What Causes FUM to Increase?
Several factors can lead to FUM growth:
- Market Performance: A strong economy and bullish market trends boost asset values, increasing FUM.
- New Investments: Inflows from new clients and additional investments from existing clients directly raise FUM.
- Portfolio Returns: High-performing portfolios drive client confidence, encouraging more investments.
- Effective Marketing and PR: Communication efforts that highlight fund success and stability can attract more investors.
FUM growth is generally a positive indicator, showing that clients are confident in the firm’s capabilities.
What Causes FUM to Decrease?
Conversely, FUM can decrease due to:
- Market Downturns: Economic downturns can lead to declining asset values, reducing FUM.
- Investor Withdrawals: Clients may pull out funds due to personal needs or low confidence in the firm’s performance.
- Poor Performance: Underperforming portfolios can lead to a drop in FUM as clients seek better returns elsewhere.
- Reputational Issues: Negative PR or lack of transparency can harm investor trust, prompting fund withdrawals.
A PR crisis or inconsistent messaging can deter investors, making trust-building efforts crucial for managing FUM-related communications.

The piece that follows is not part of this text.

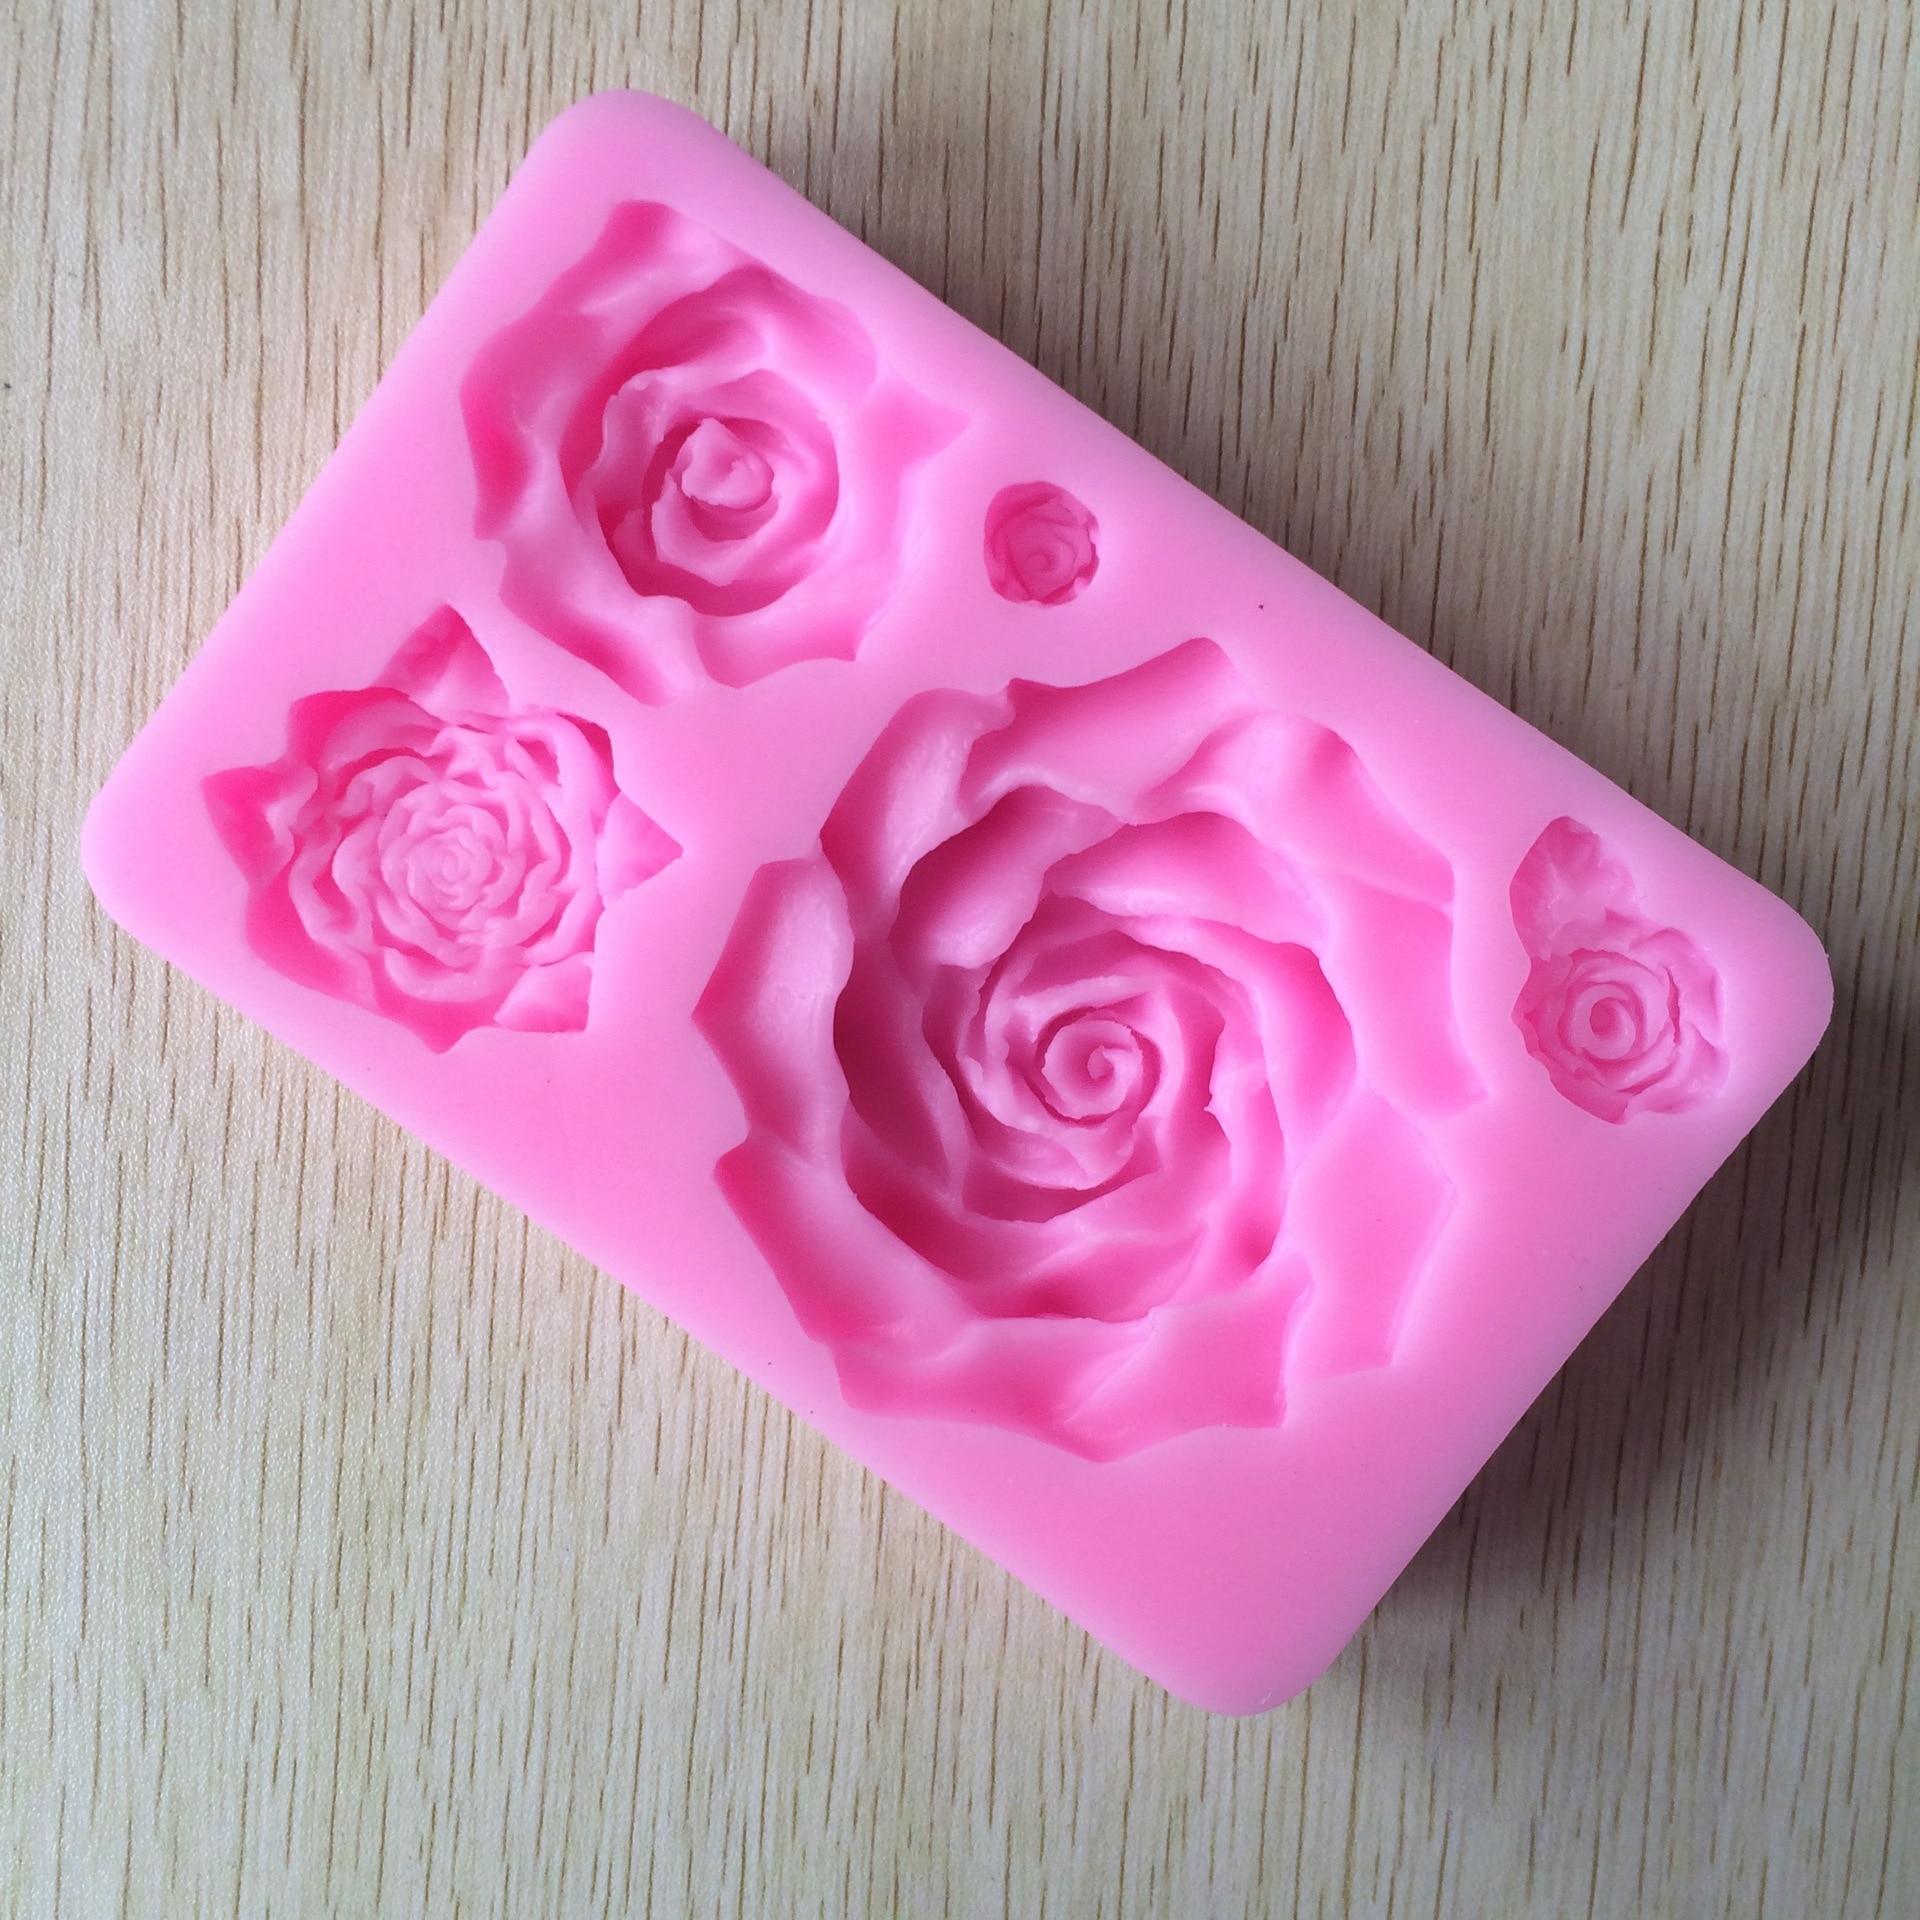 2 шт. в форме роз силиконовые формы для торта DIY украшения торта инструменты для выпечки конфеты кубики льда формы для помадки торта формы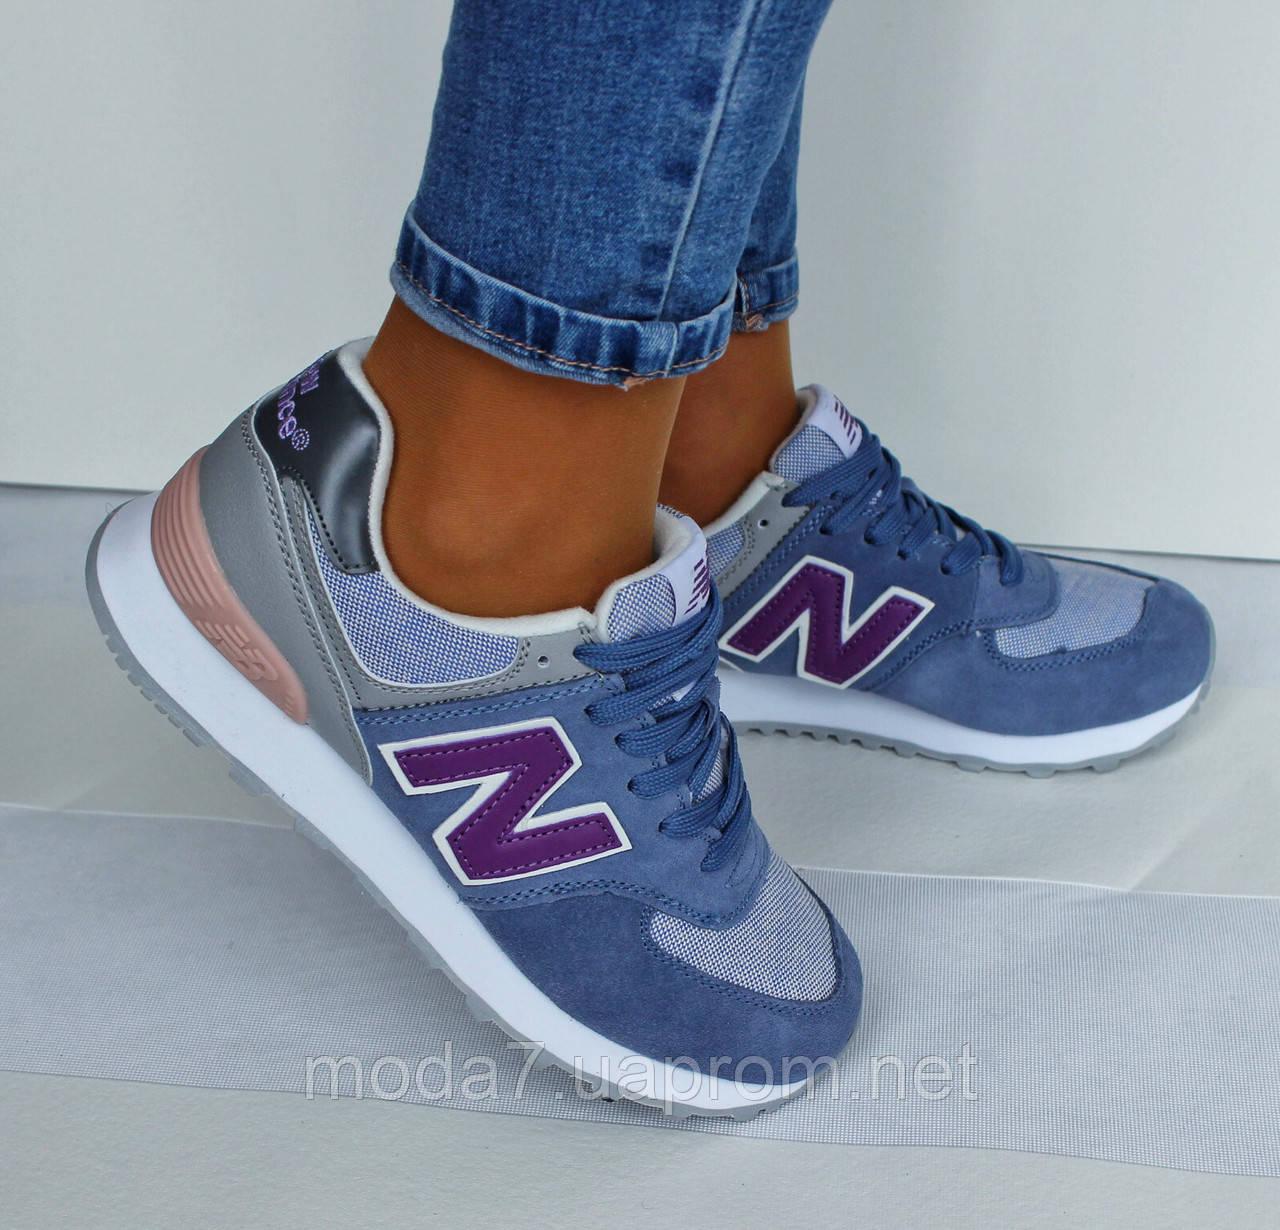 Женские кроссовки New Balance нат. замша сетка нежно голубые реплика ... c3c4217ea3672

How PR and Marketing Can Prevent FUM Declines
During downturns, a well-executed crisis communication plan is essential. Firms can minimise FUM declines by transparently addressing challenges, reassuring investors, and clarifying steps taken to protect their interests. Thoughtful communication helps to maintain investor confidence, keeping FUM stable even in volatile periods. Clear and timely communication during challenging times helps firms retain client trust and mitigate potential losses.
Strategic communication not only attracts new investors but also ensures existing clients feel secure in their investment choices.
Challenges in Maintaining High FUM
Maintaining high FUM involves addressing several challenges:
- Economic Volatility: Economic shifts can impact asset values, making FUM fluctuate.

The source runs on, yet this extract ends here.